Du rôle positif de l’exploitation et de la dissimulation des corps
Koltès (Bernard-Marie) 1980, Combat de nègre et de chiens (suivi des Carnets), Minuit, 1989
Résumé
Sur le chantier d’un pont en Afrique, un ouvrier noir est mort. Son frère vient réclamer le corps au chef du chantier, un blanc vieillissant qui attend l’arrivée de sa jeune et récente femme. Celui-ci lui propose un verre de bon whisky et de l’argent pour oublier la tradition, car son ingénieur s’est débarrassé du corps.
Commentaires
Cette pièce resserrée sur quatre personnages confronte les trois blancs – trois ensembles de représentations et réactions typiques face à l’Africain et l’Afrique : racisme, paternalisme, fantasme – à un homme intègre qui fait donc ressortir le piège de leurs représentations. Le chantier et le monde ouvrier, l’accident de travail sont les thèmes qui se mélangent à l’intrigue, et le prétexte à cette confrontation. Koltès se défend d’avoir voulu écrire sur l’Afrique, il ne la connaît pas assez bien. Mais il écrit sur le regard de l’Européen sur l’Afrique : certains monologues de l’Africain semblent décrire les documentaires d’époque comme « Les statues meurent aussi » de Chris Marker et Alain Resnais – cela dit une belle source. Koltès ne se permet pas non plus de parler de la condition ouvrière dans ces chantiers – seul l’ingénieur en témoigne – et la pièce est caractérisée par l’absence de la parole de l’ouvrier lui-même qu’on a tué ou de celles de ses compagnons. C’est là toute la symbolique recherchée par l’auteur : l’absurdité d’un monde occidental où le travailleur, celui qui crée la richesse, l’homme noir, l’ouvrier exploité par excellence (ce petit « négrillon » qui pédale dans la pièce arrirère pour activer le ventilateur…), est absent, écarté de la scène, caché derrière une superposition d’images créées par l’occidental, des représentations racistes aux fantasmes réducteurs de la jeune femme, qui subtilisent la parole de l’Africain, déforment l’homme derrière l’ouvrier. En cela, Koltès rejoint l’anticolonialisme radical de Franz Fanon et plus encore la pensée de Malcolm X et des Black Panthers qui annoncent les études de genre : le fait que les minorités ou classes dominées (noires, femmes, LGBT…) sont représentées dans le débat public par des membres des classes dominantes. En insistant sur cette absence, sur l’importance de rendre le corps de l’ouvrier africain tué, Koltès opère le lien entre les différentes luttes.
Passages retenus
p. 32 :
Il y a très longtemps, je dis à mon frère : je sens que j’ai froid ; il me dit : c’est qu’il y a un petit nuage entre le soleil et toi ; je luis dis : est-ce possible que ce petit nuage me fasse geler alors que tout autour de moi, les gens transpirent et le soleil les brûle ? Mon frère me dit : moi aussi, je gèle.
p. 83 :
La seule chose que j’ai apprise de vous, malgré vous, c’est qu’il n’y a pas assez de place dans votre tête et dans vos poches pour vos mensonges ; on finit par les voir.

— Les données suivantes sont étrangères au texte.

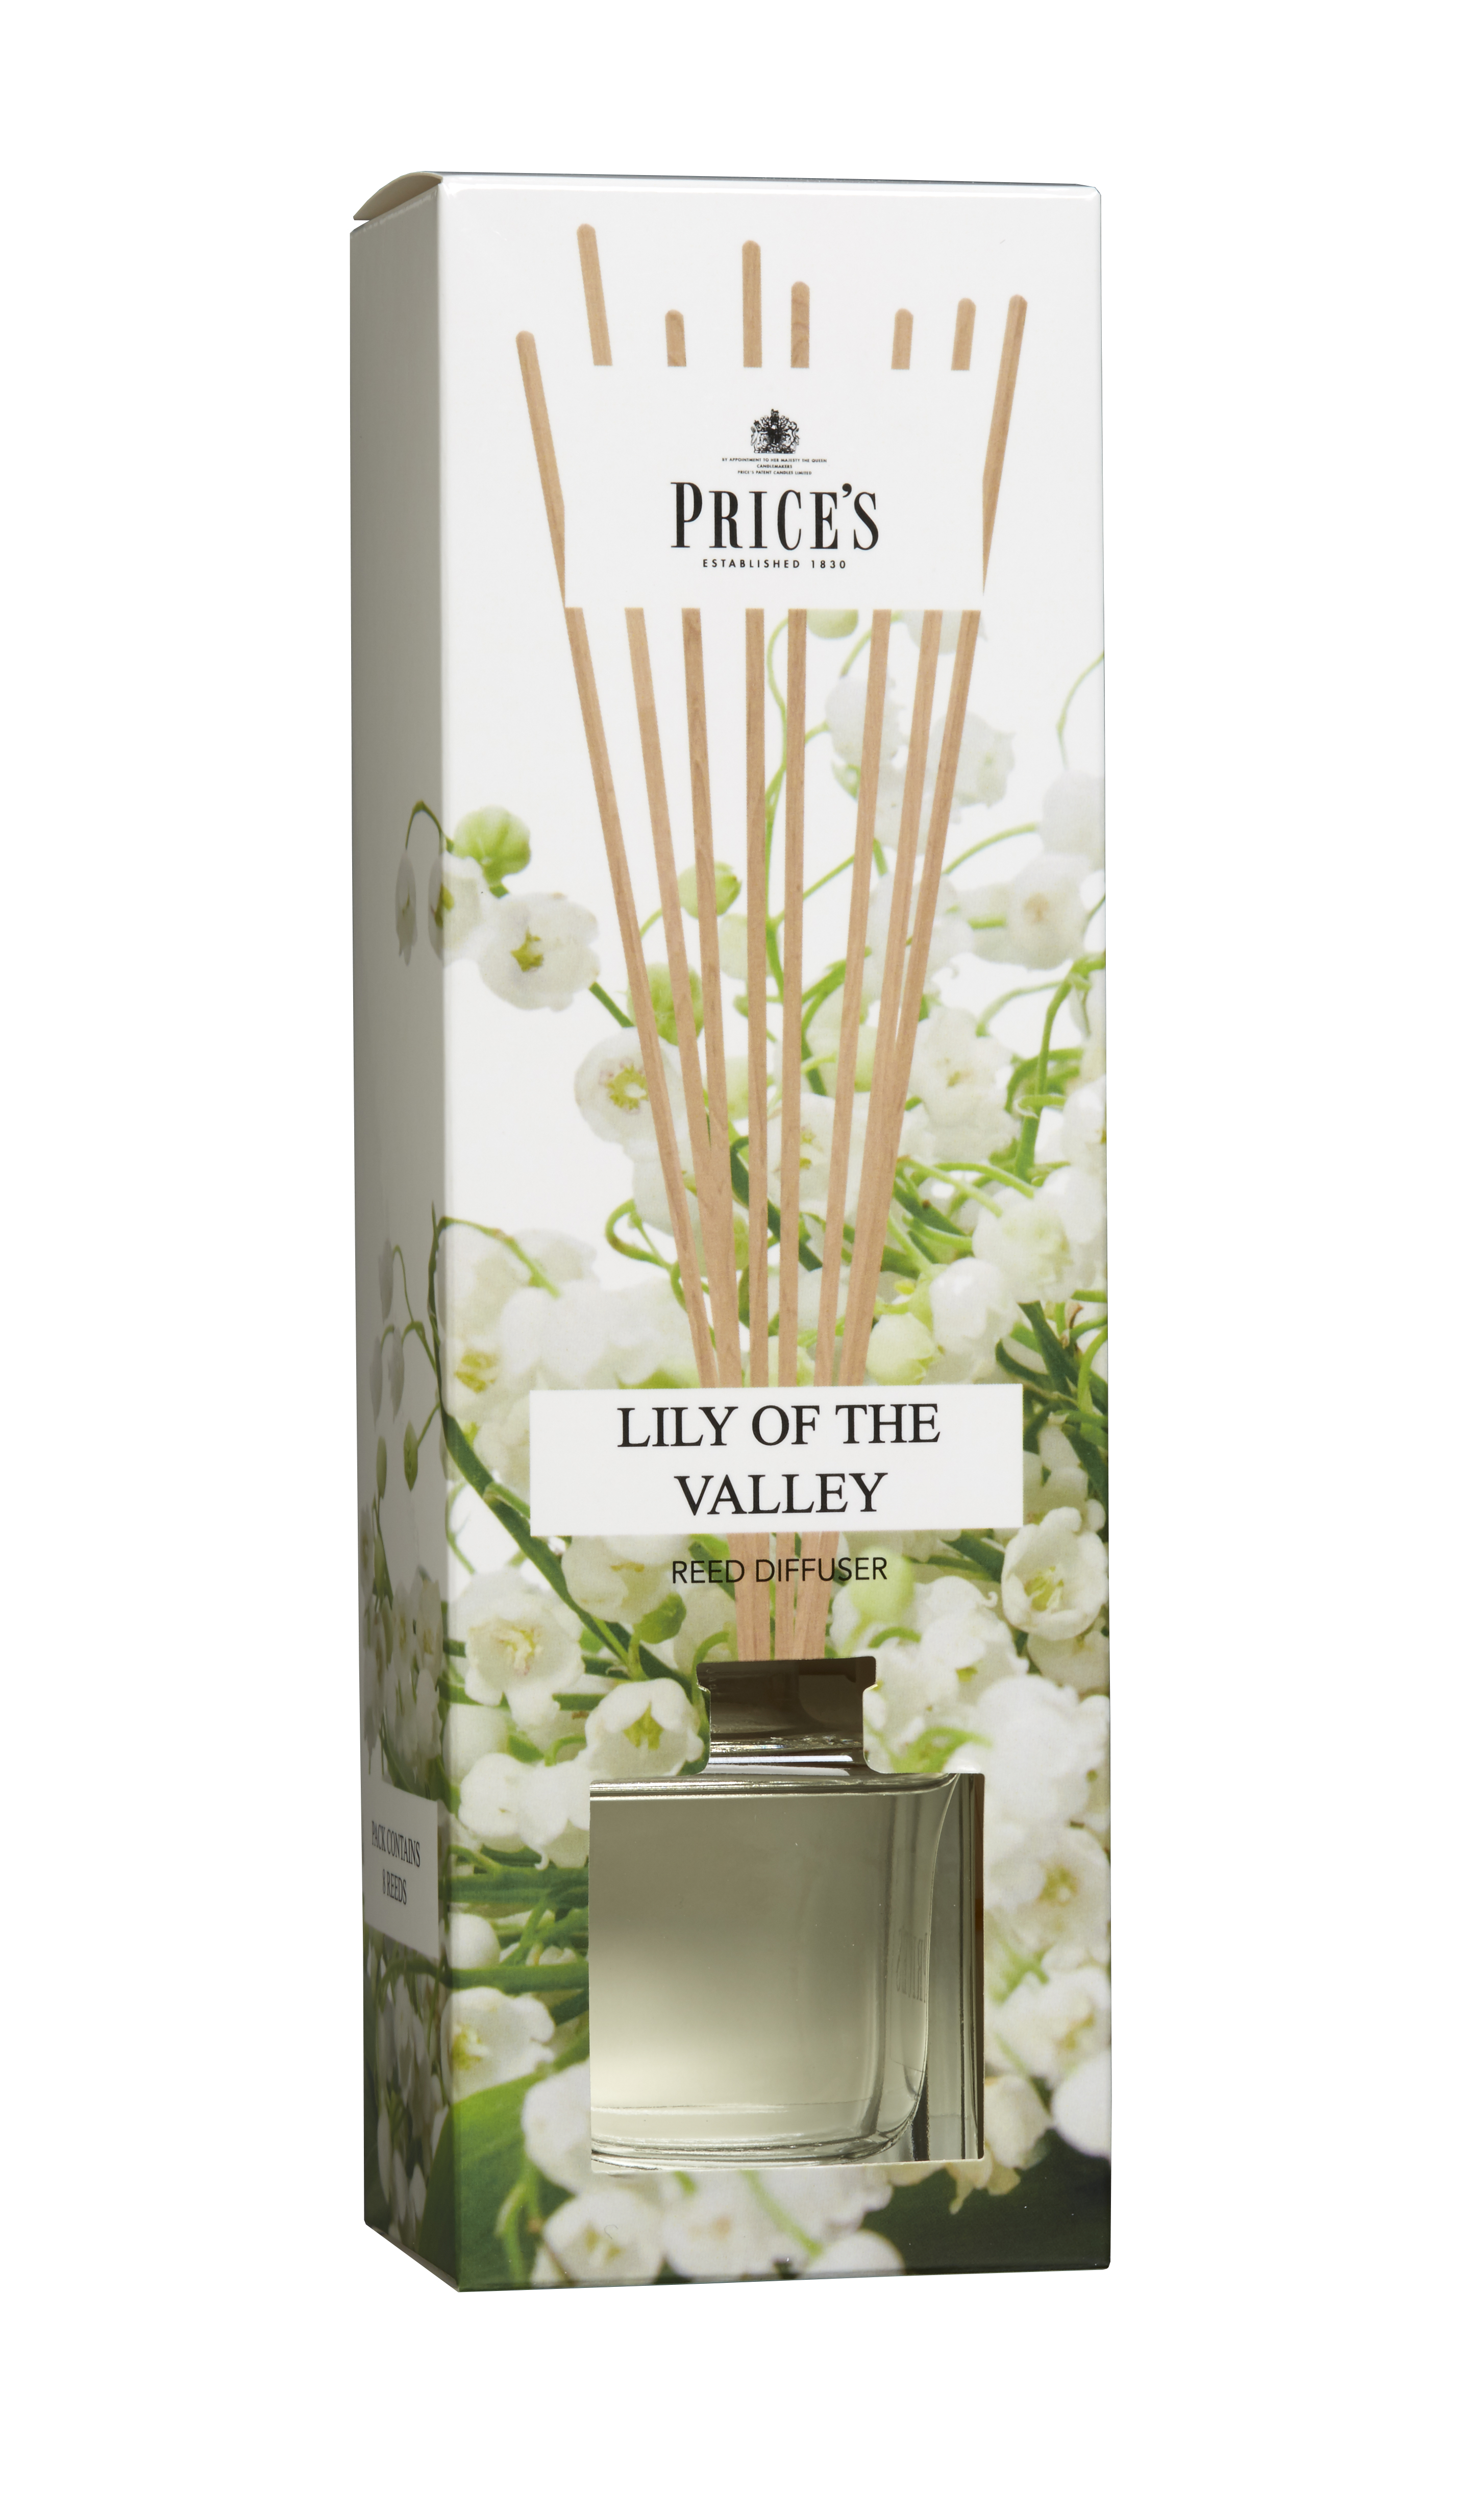 Prices Raumduft "Lily of the Valley" 100ml     
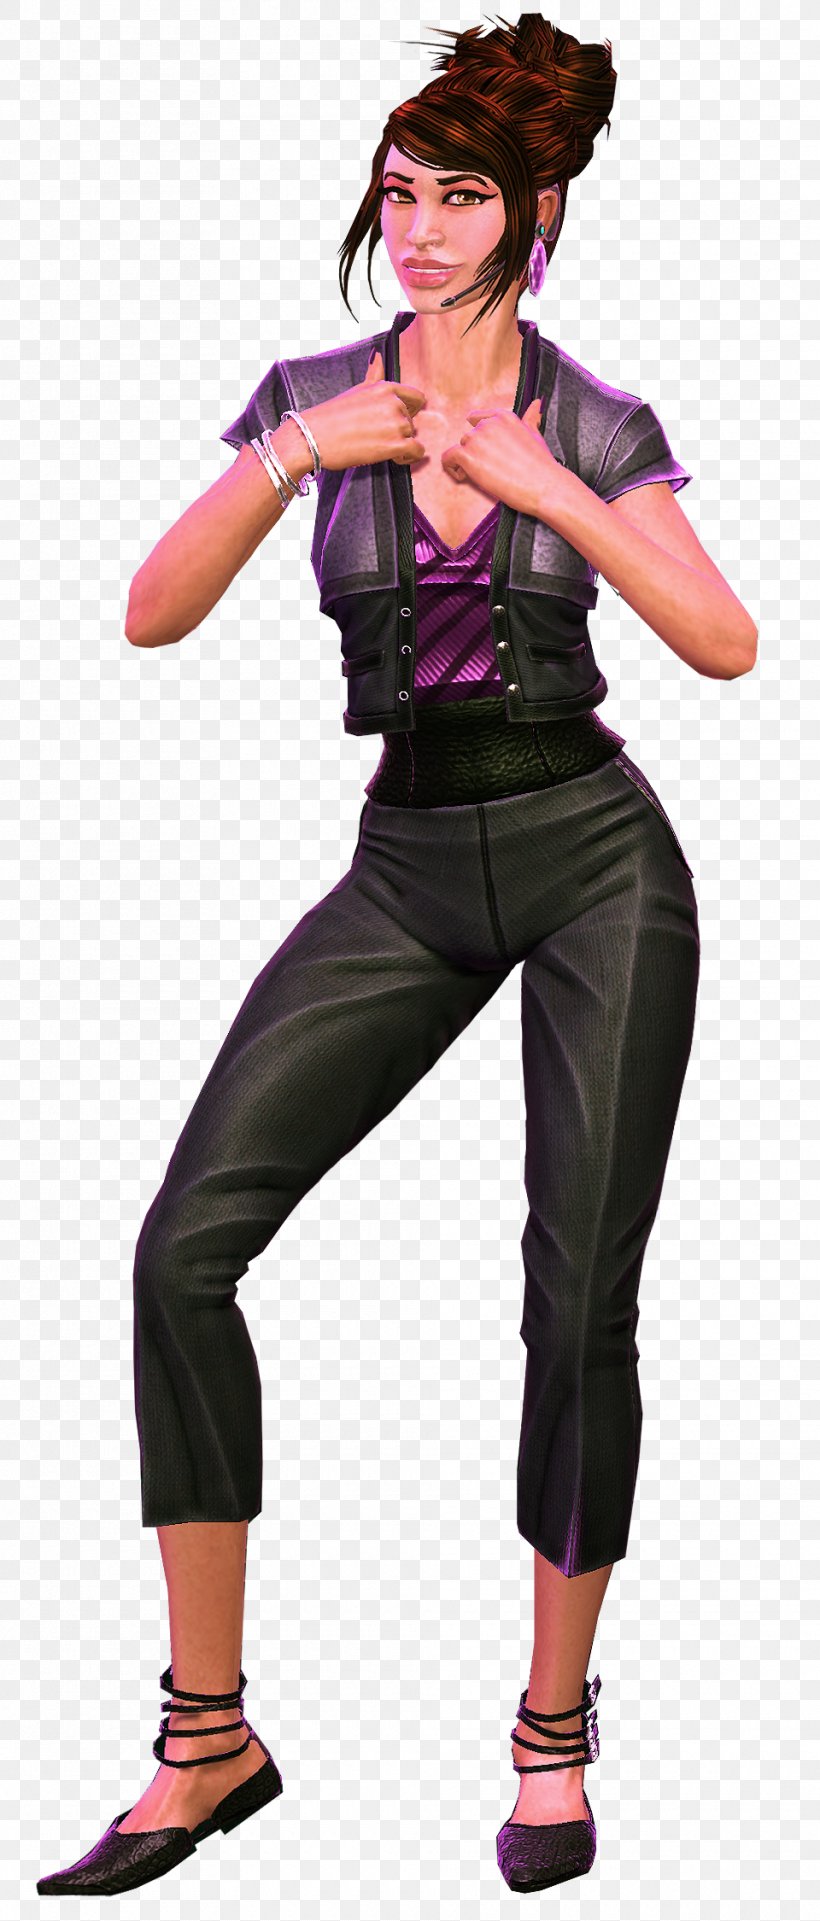 Dance Central 3 Dance Central 2 Wikia Video Game, PNG, 960x2250px, Dance Central 3, Audio, Costume, Dance Central, Dance Central 2 Download Free

p. 105 : Quand reverrai-je une femme au fond de ce trou ? Je perds ma vie, au fond de ce trou ; je perds ce qui, ailleurs, seraient les meilleures années. A être seul, toujours seul, on finit par ne plus savoir son âge ; alors de te voir, je me suis souvenu du mien. Il va falloir que je l’oublie de nouveau. Et qu’est-ce que je suis, ici, qu’est-ce que je continue à être ? rien. Tout cela pour l’argent, bébé ; l’argent nous prend tout, même le souvenir de notre âge. Regarde cela. (Il montre ses mains.) Est-ce qu’on dirait encore des mains d’homme jeune ? Est-ce que tu as déjà vu des mains d’ingénieur, en France ? Mais, sans argent, à quoi ça nous servirait, d’être jeune, hein ? Finalement, je me demande, pourquoi, oui, pourquoi je vis.